[[ DATA, beginning ]]

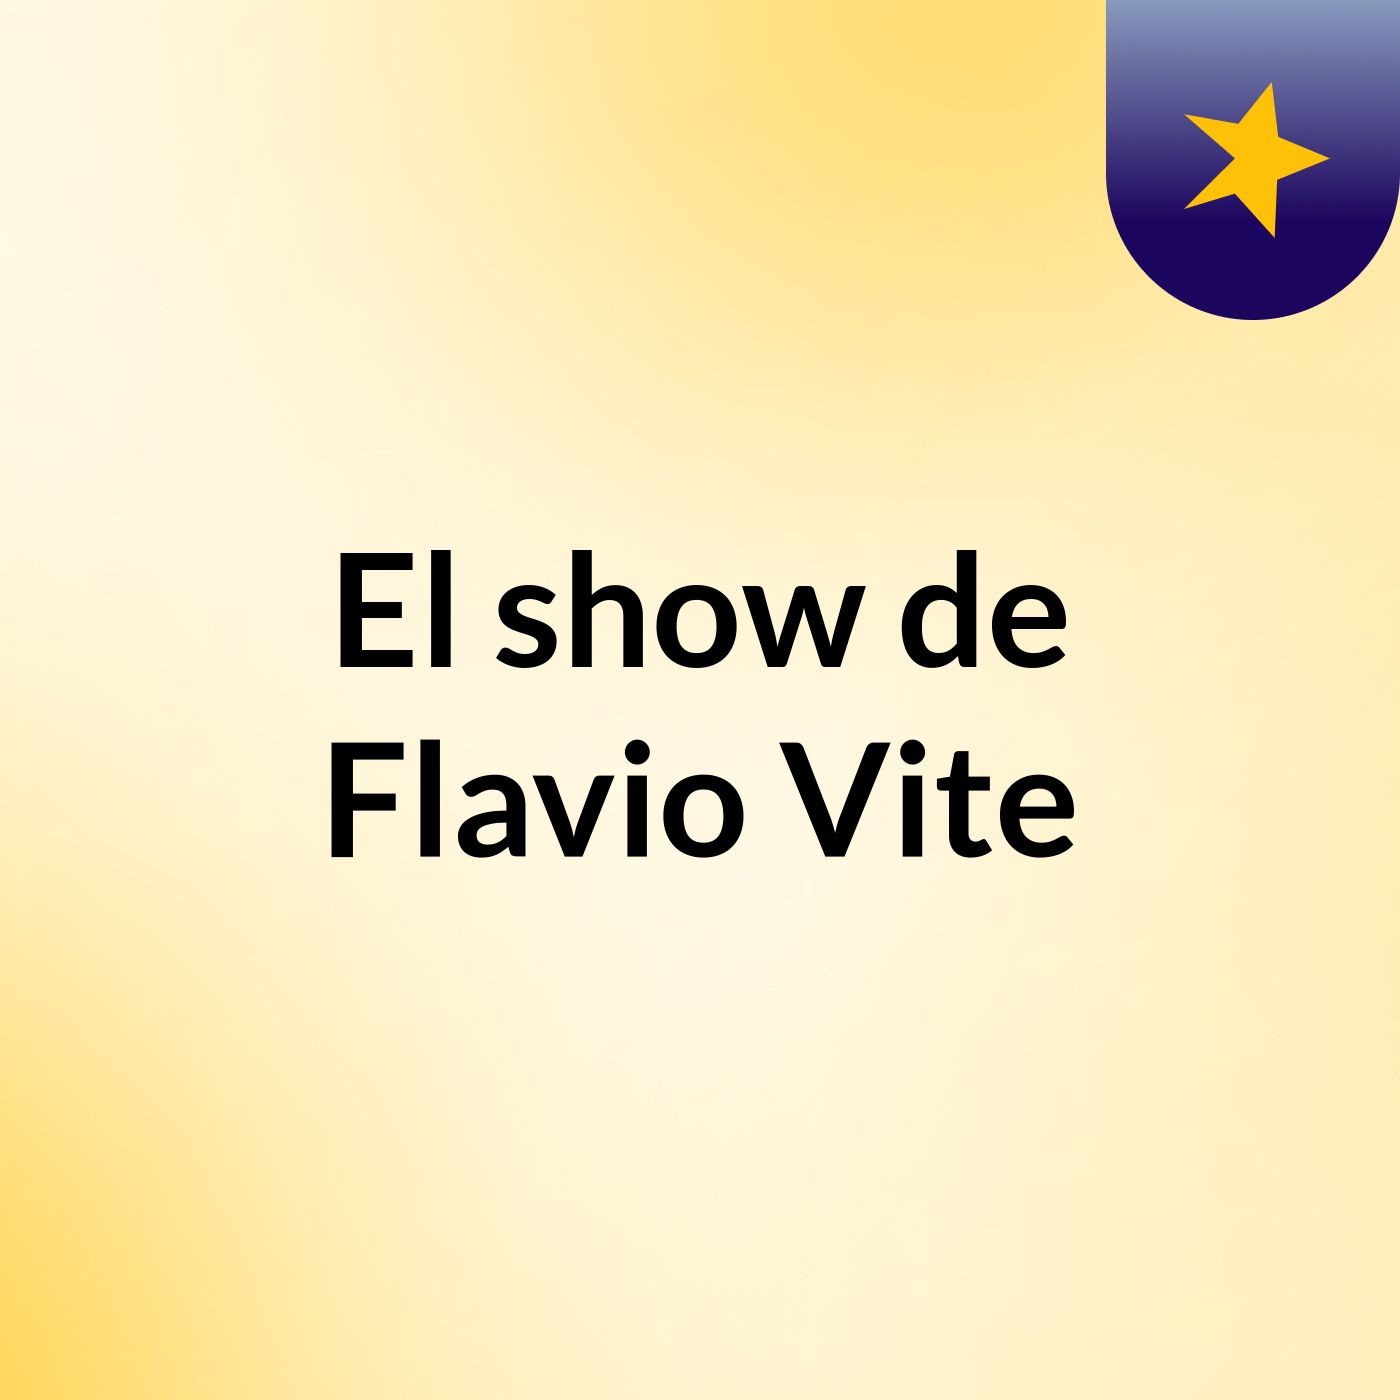 El show de Flavio Vite
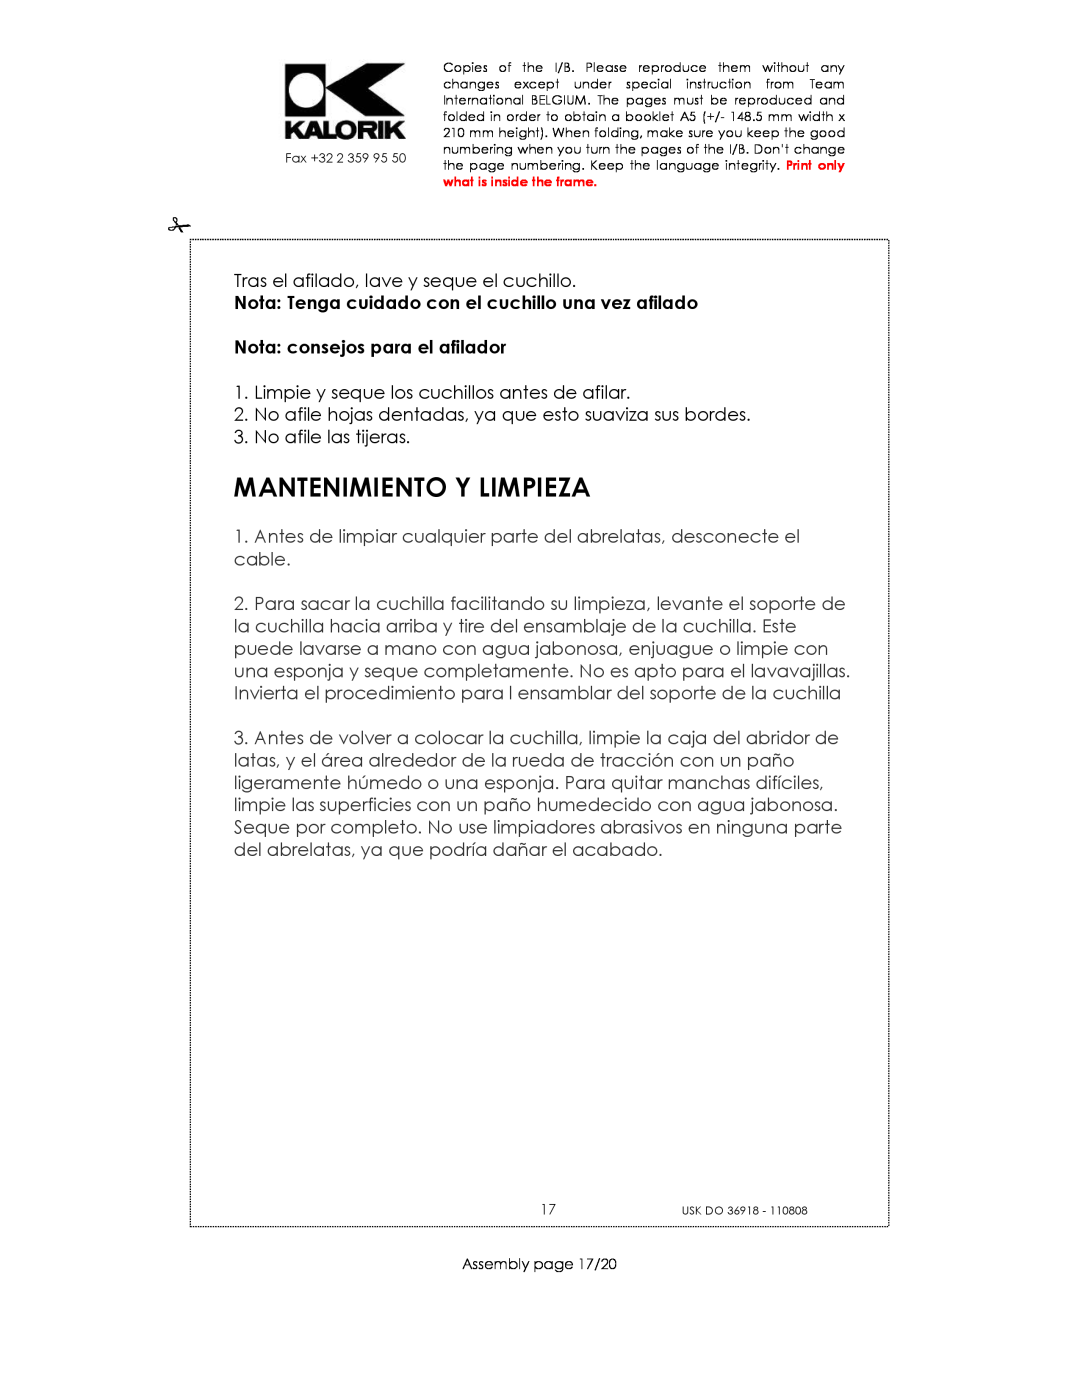 Kalorik USK DO 36918 manual Mantenimiento Y Limpieza, Nota consejos para el afilador 
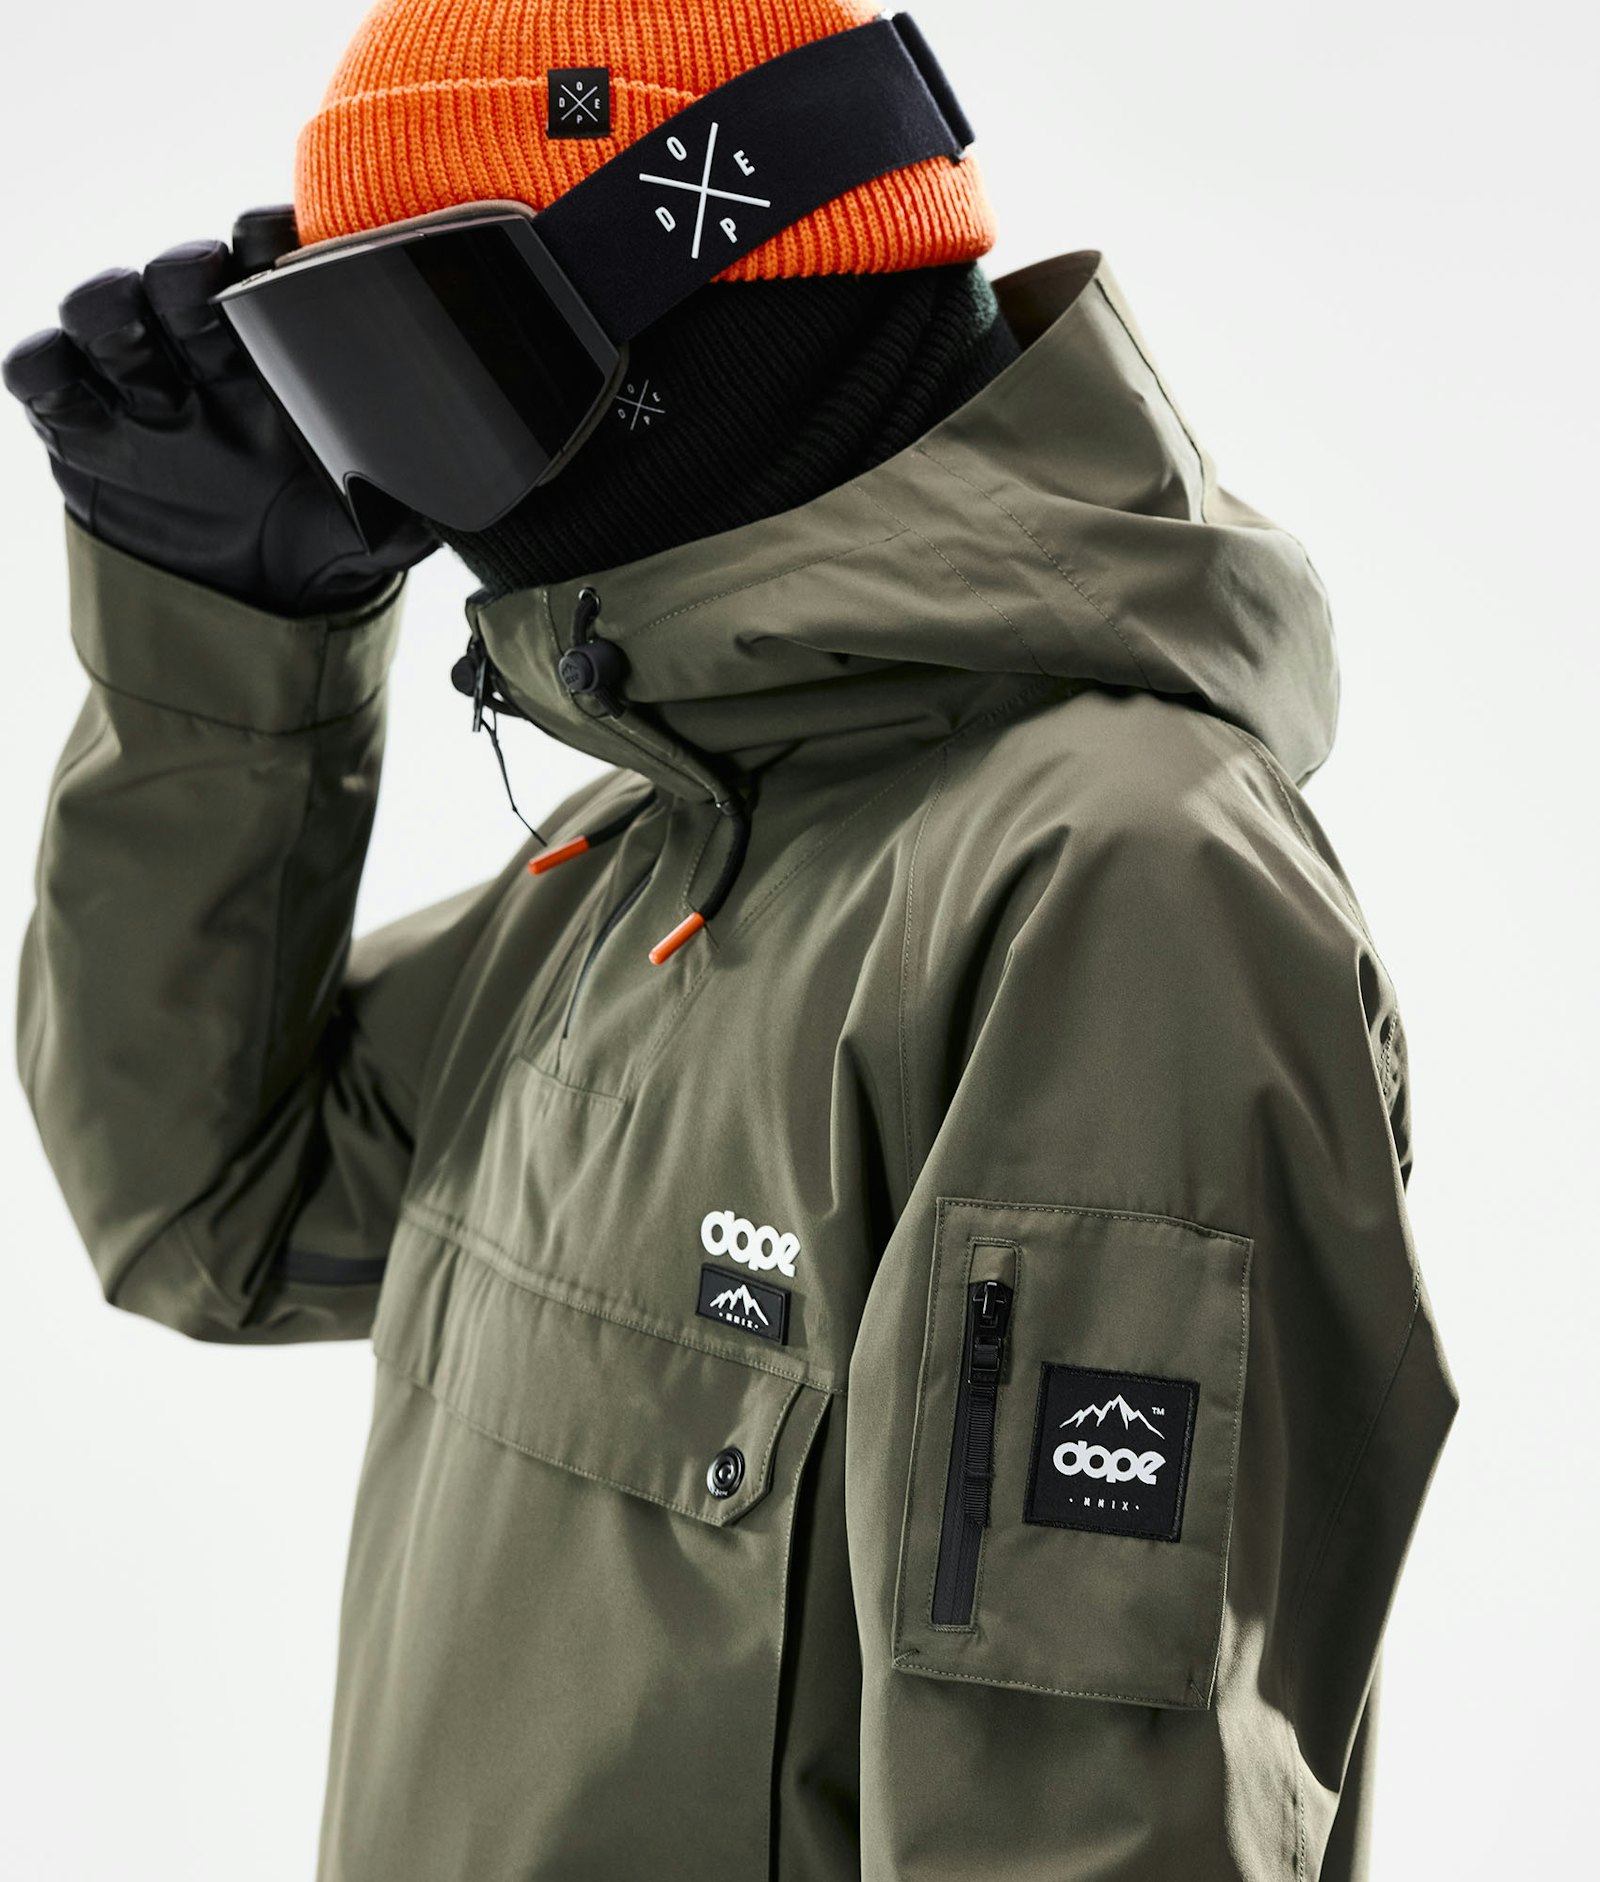 Annok 2021 Veste Snowboard Homme Olive Green/Black
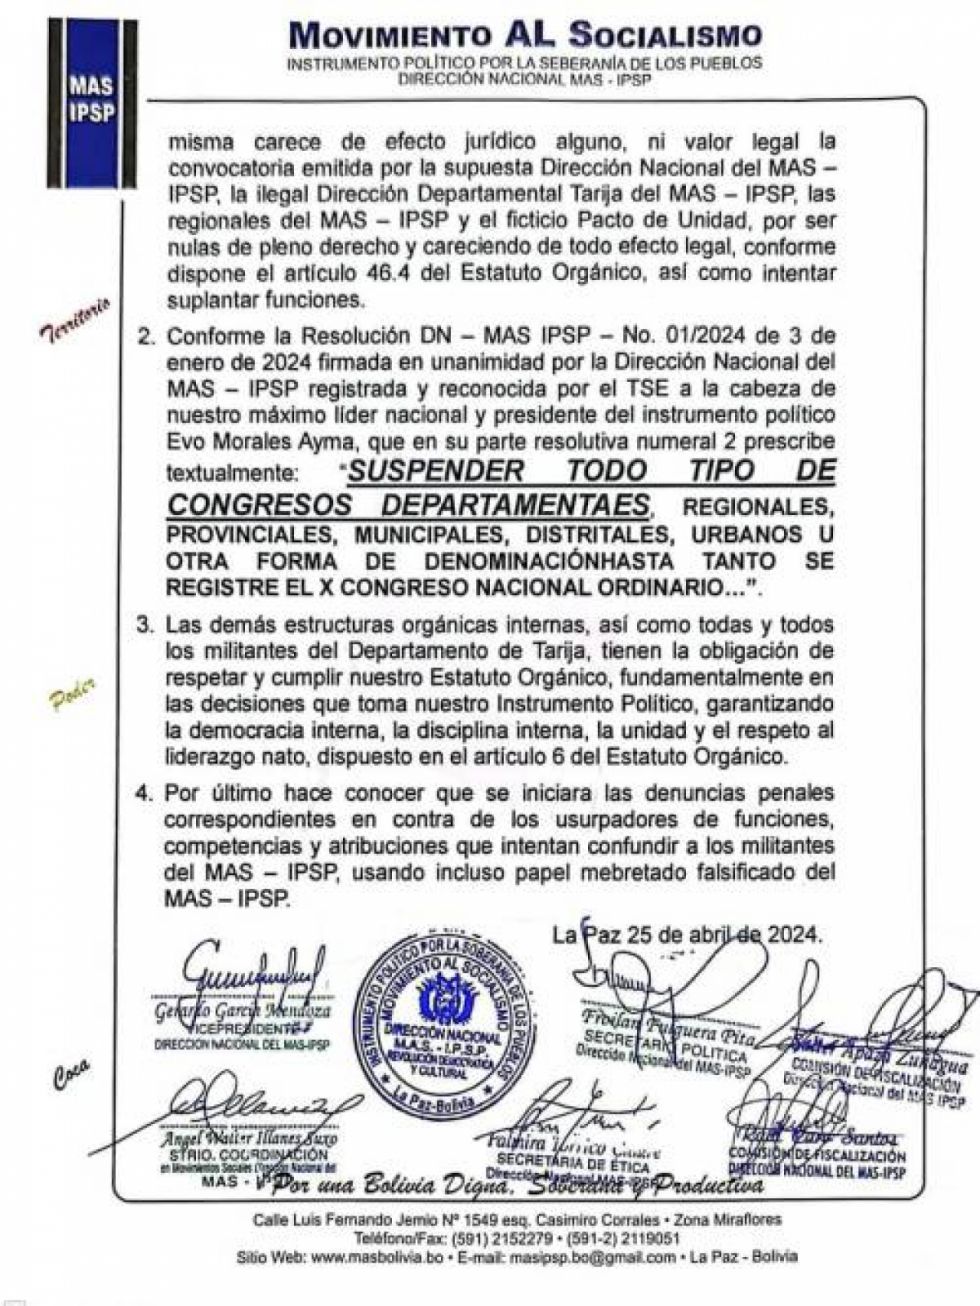 Dirigencia del MAS evista declara ilegal el congreso departamental en Tarija

[[ DATA, end ]]

WHAT THE TASK REQUIRES:
Once the line containing "Kalorik USK DO" is found, transcribe it and the rest of the lines to the end of the listing above exactly, omitting all pictures.

ANSWER SECTION:
 Kalorik USK DO 36918 manual Mantenimiento Y Limpieza, Nota consejos para el afilador 
 Annok 2021 Veste Snowboard Homme Olive Green/Black
 Dirigencia del MAS evista declara ilegal el congreso departamental en Tarija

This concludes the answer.